=== PROBLEM ===
The task calls for an exact retyping of the lines from the one holding "Eternity Matters Sydney Harbor Bridge" through the end of the listing, with pictures omitted and nothing added.
____
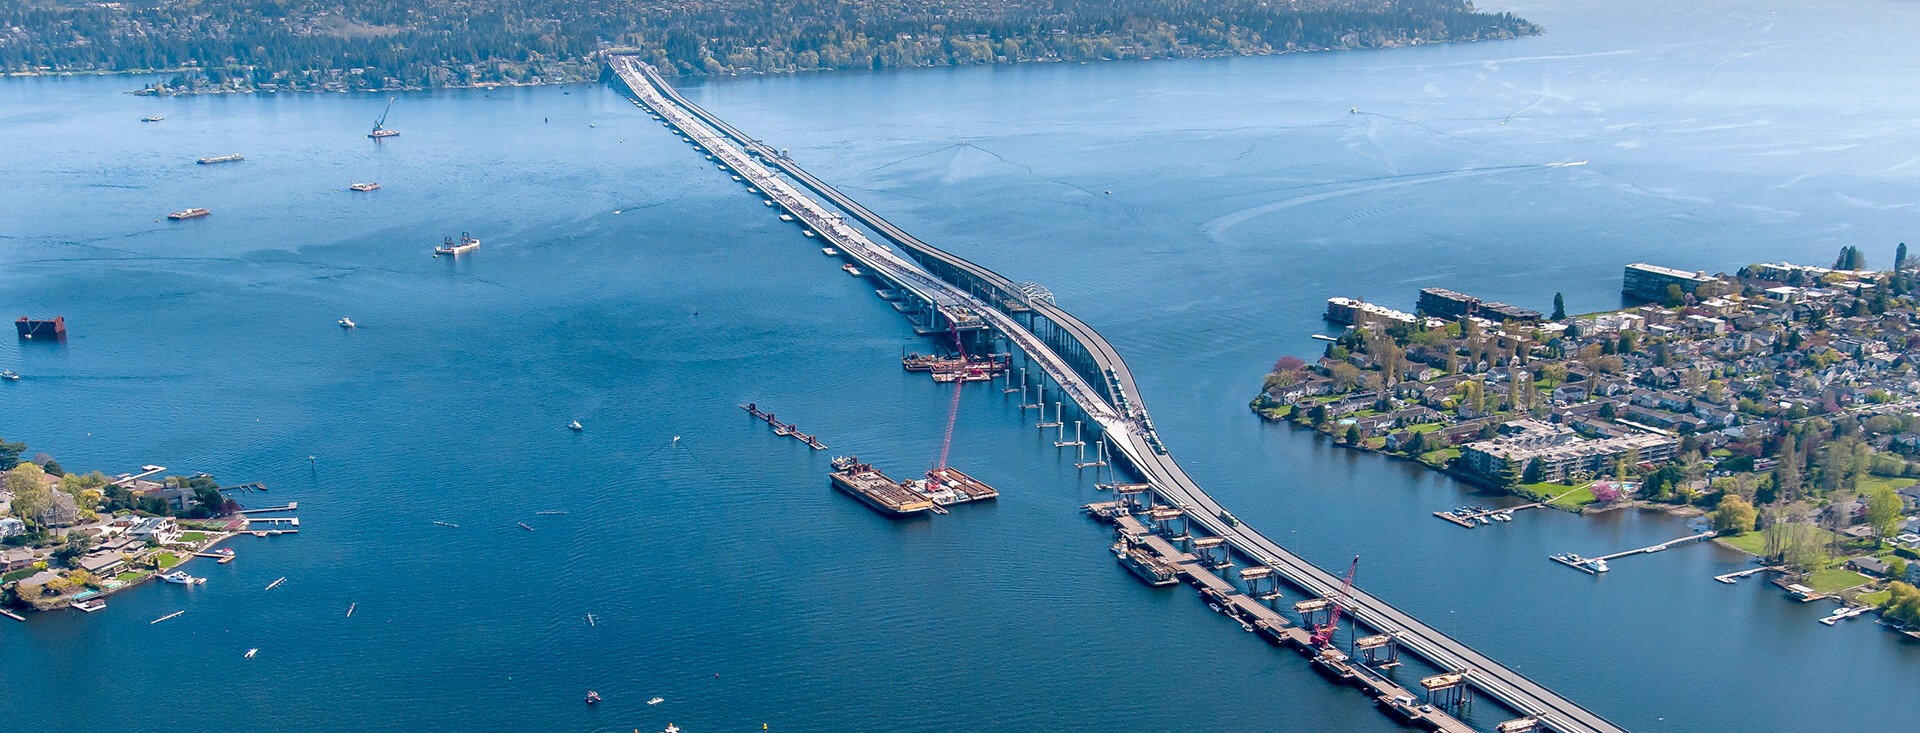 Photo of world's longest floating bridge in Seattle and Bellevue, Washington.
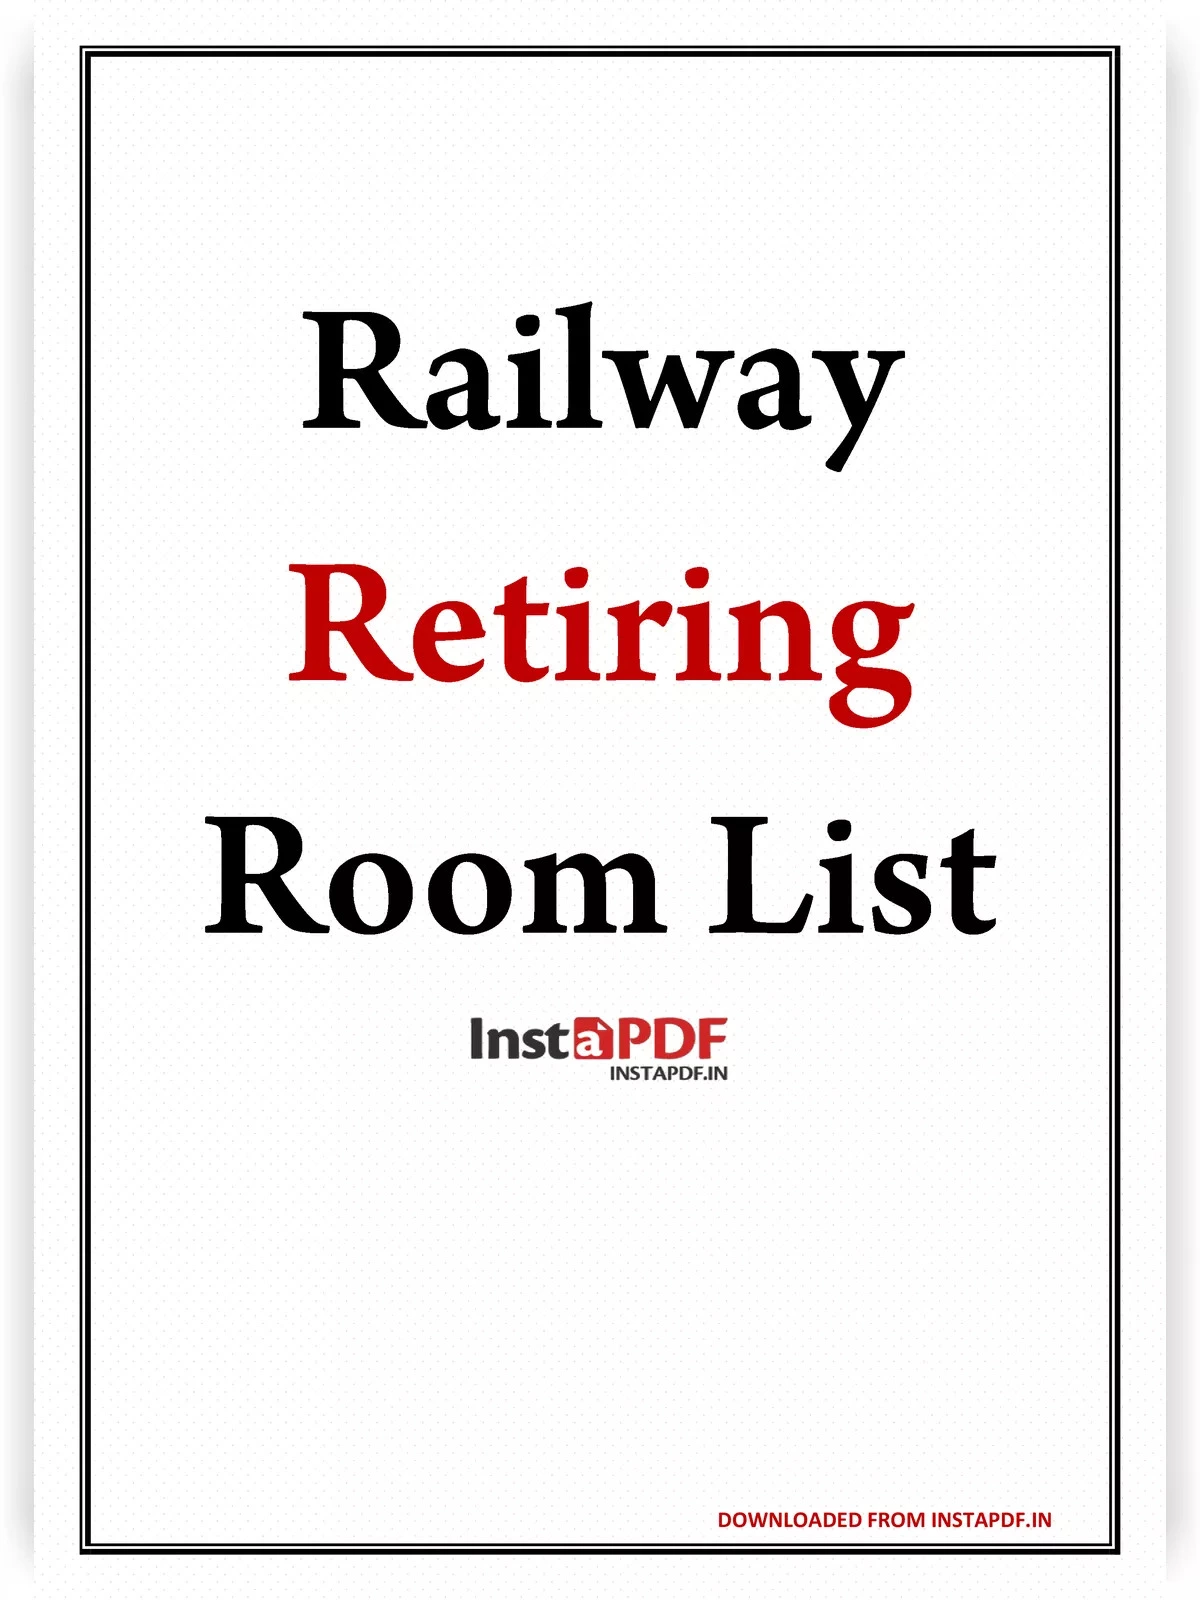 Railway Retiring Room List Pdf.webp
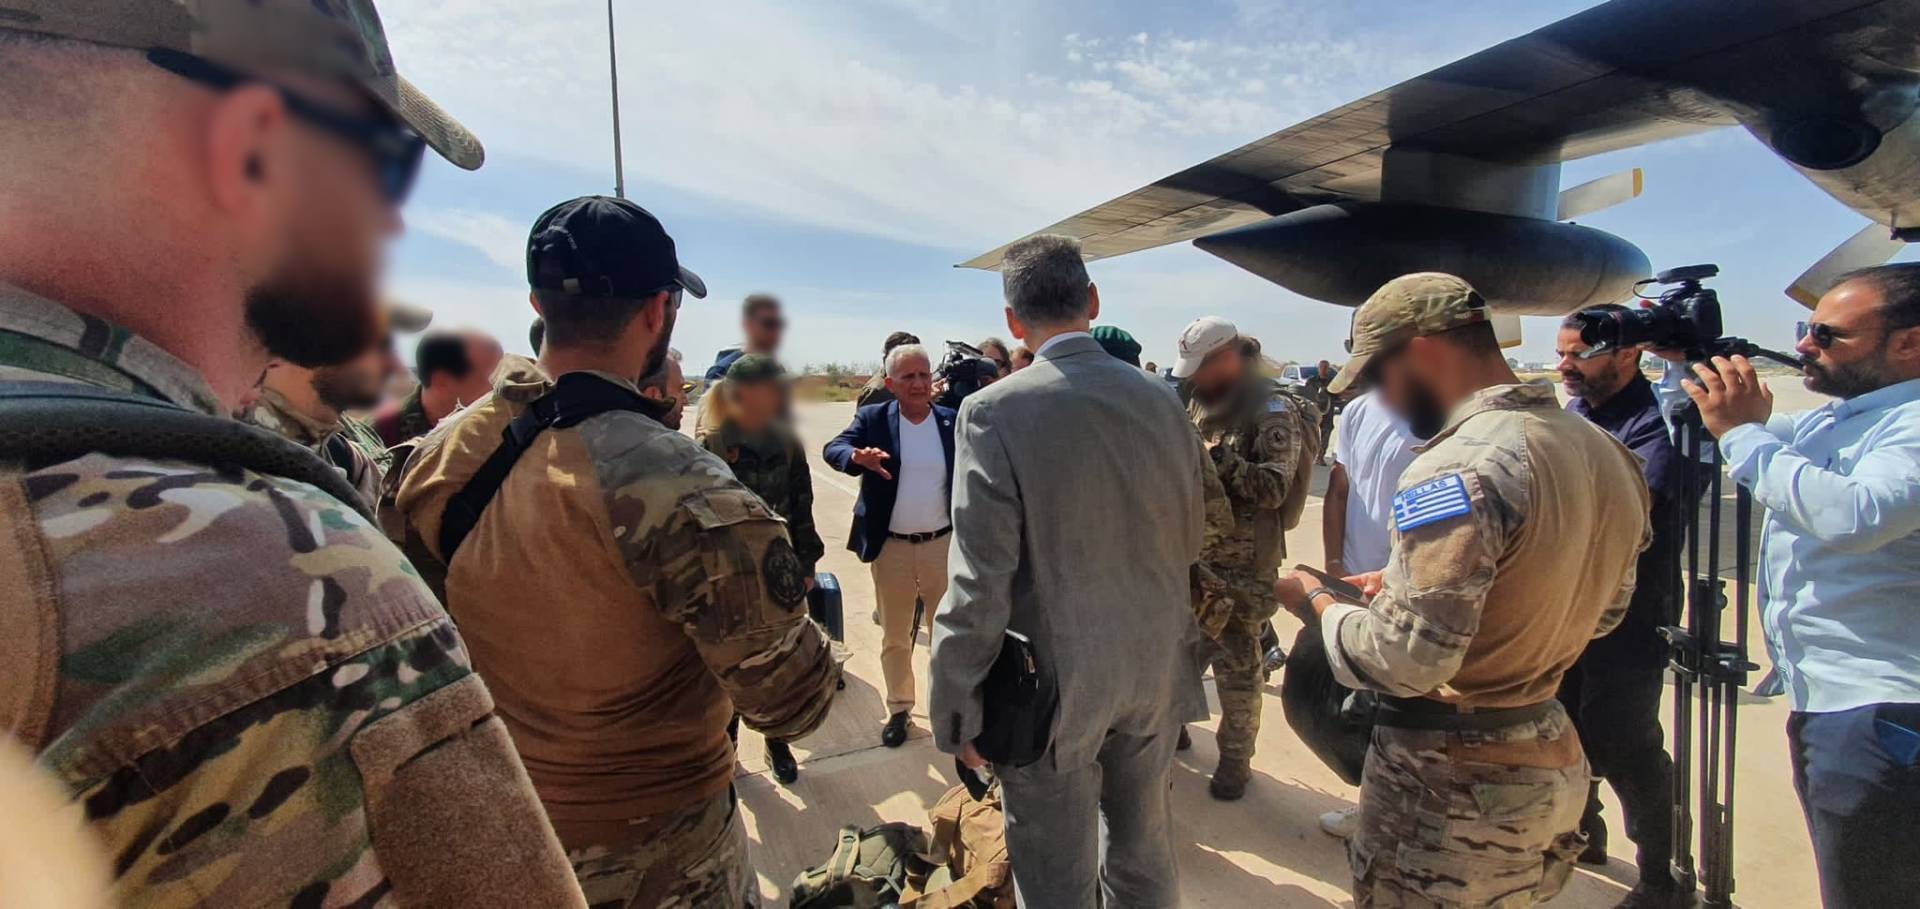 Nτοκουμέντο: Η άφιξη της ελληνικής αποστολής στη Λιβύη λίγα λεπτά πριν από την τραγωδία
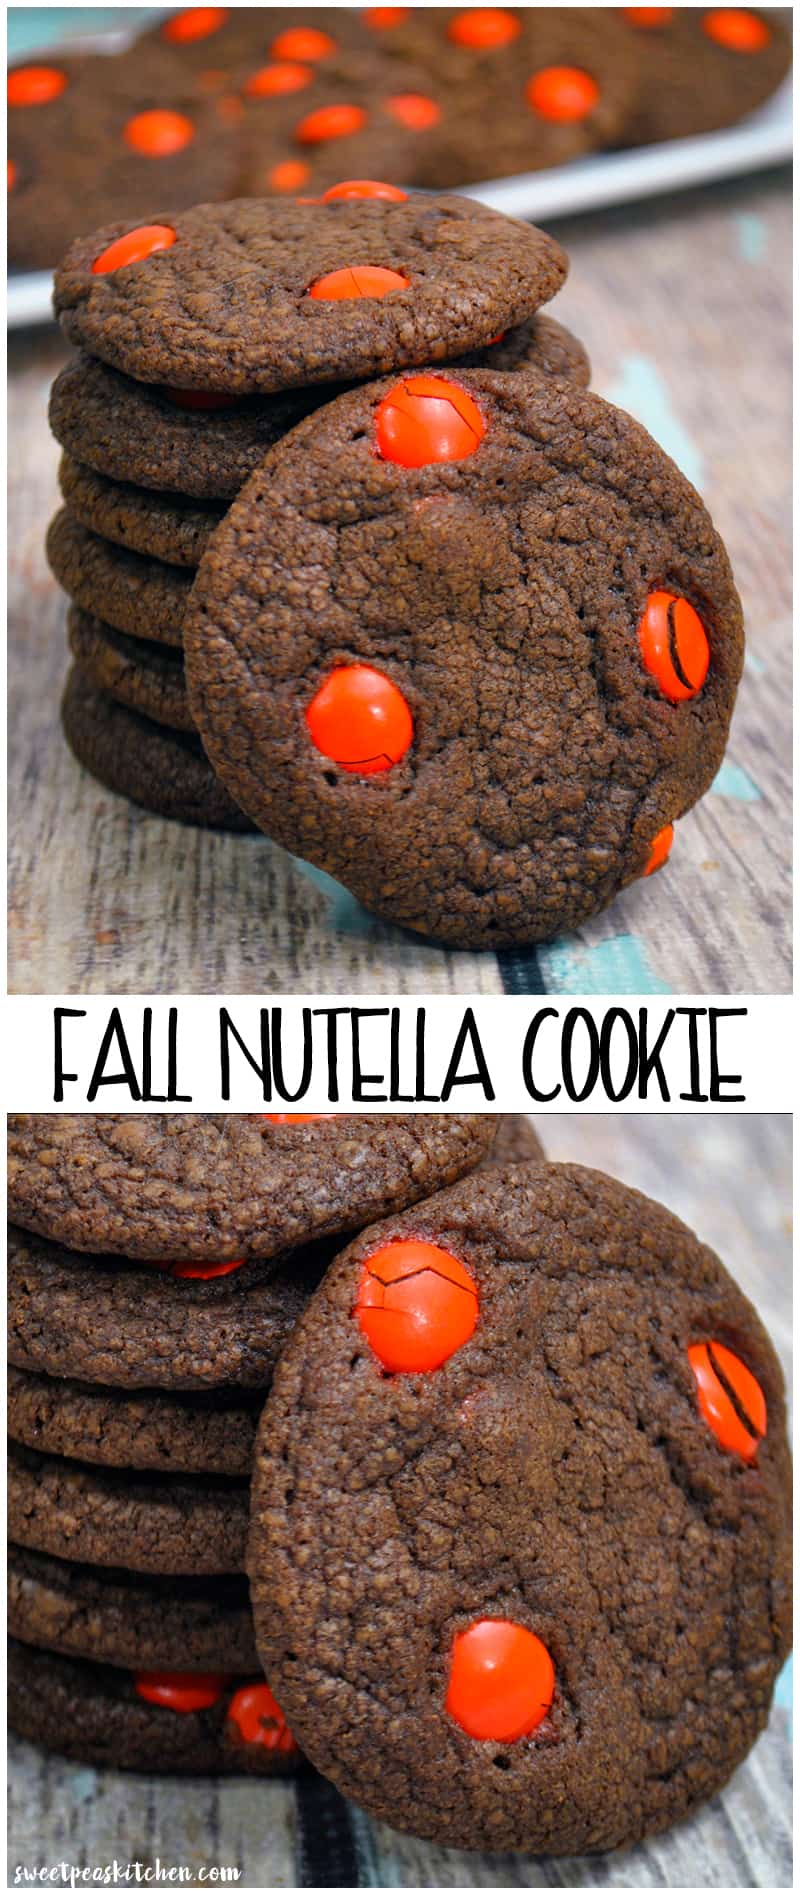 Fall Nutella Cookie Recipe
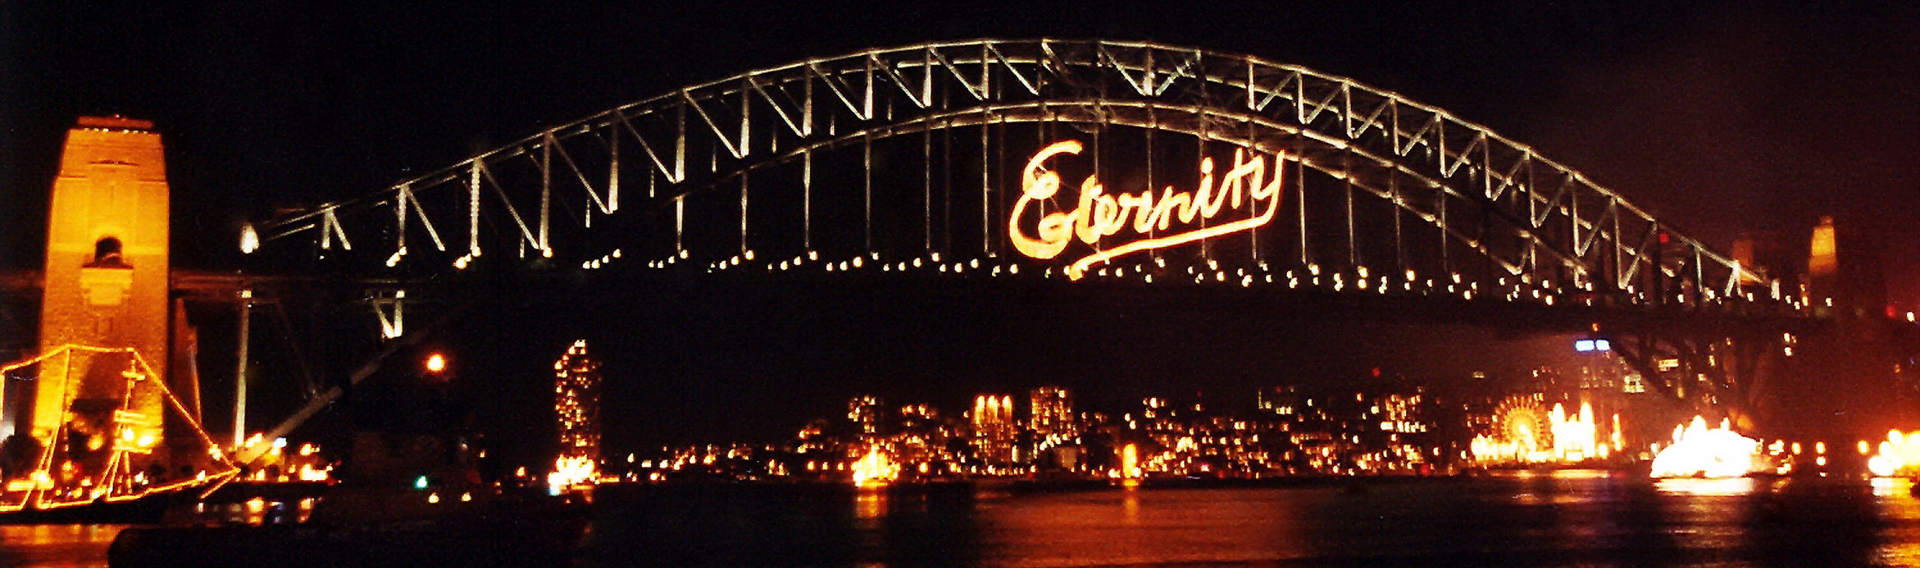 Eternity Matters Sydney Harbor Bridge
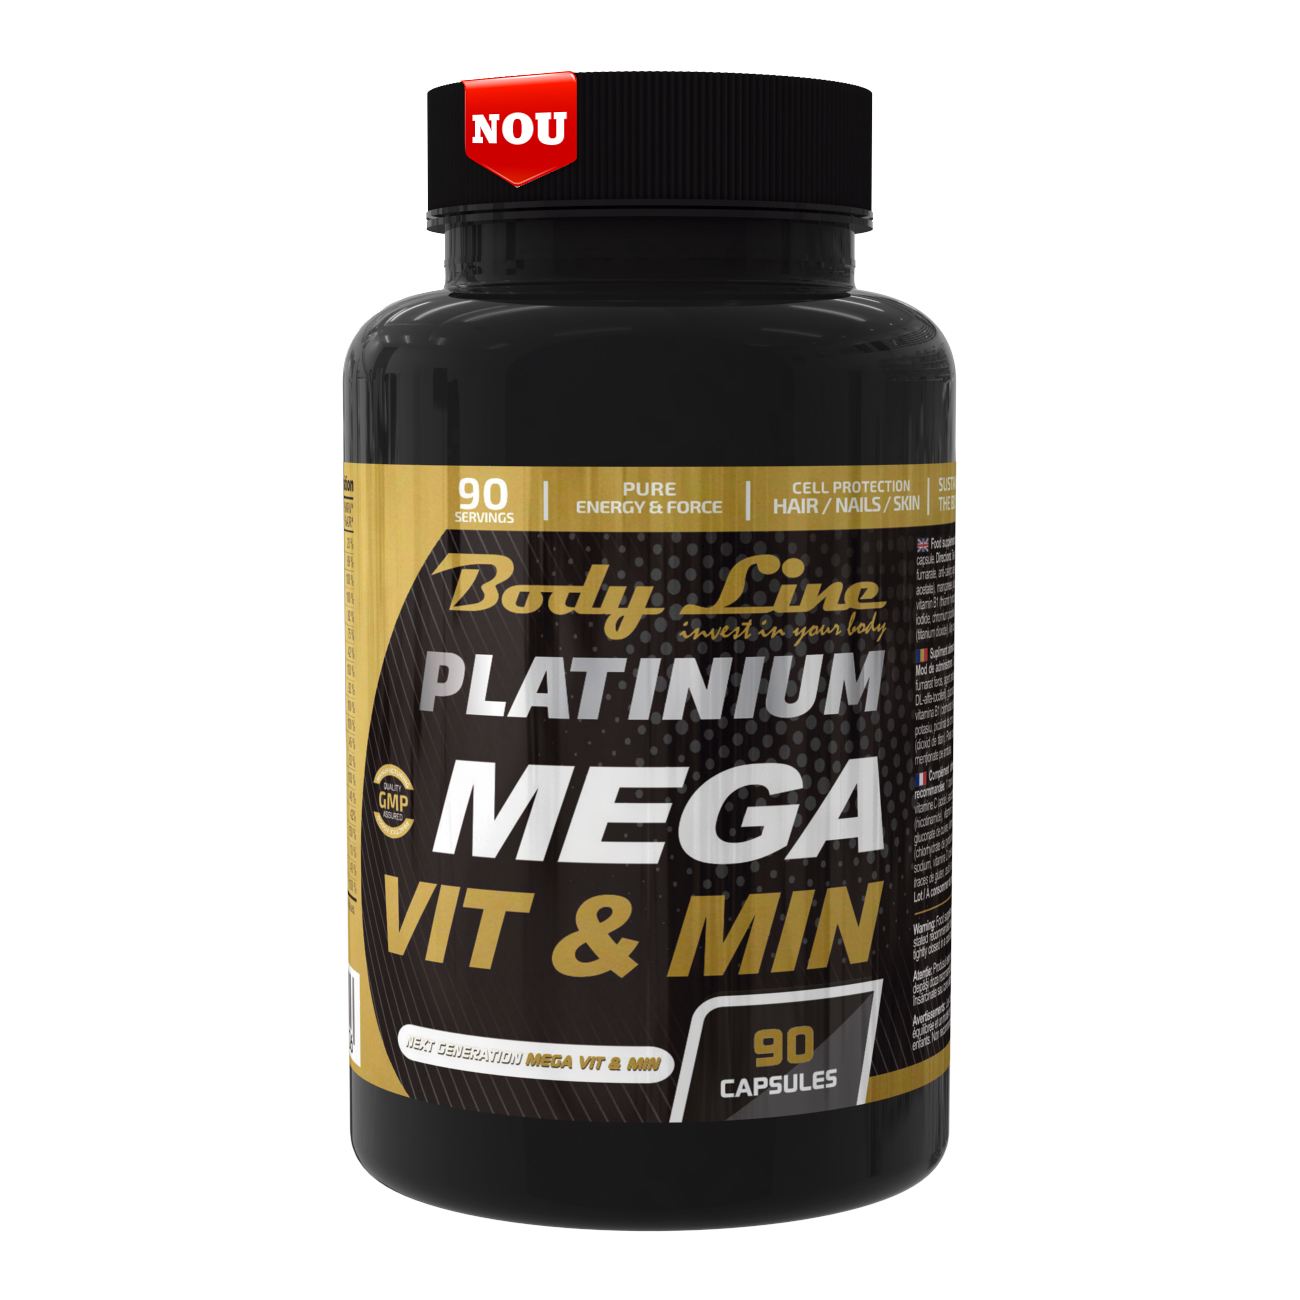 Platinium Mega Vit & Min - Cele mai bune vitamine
____
=== TASK ANSWER ===
 Eternity Matters Sydney Harbor Bridge
 Platinium Mega Vit & Min - Cele mai bune vitamine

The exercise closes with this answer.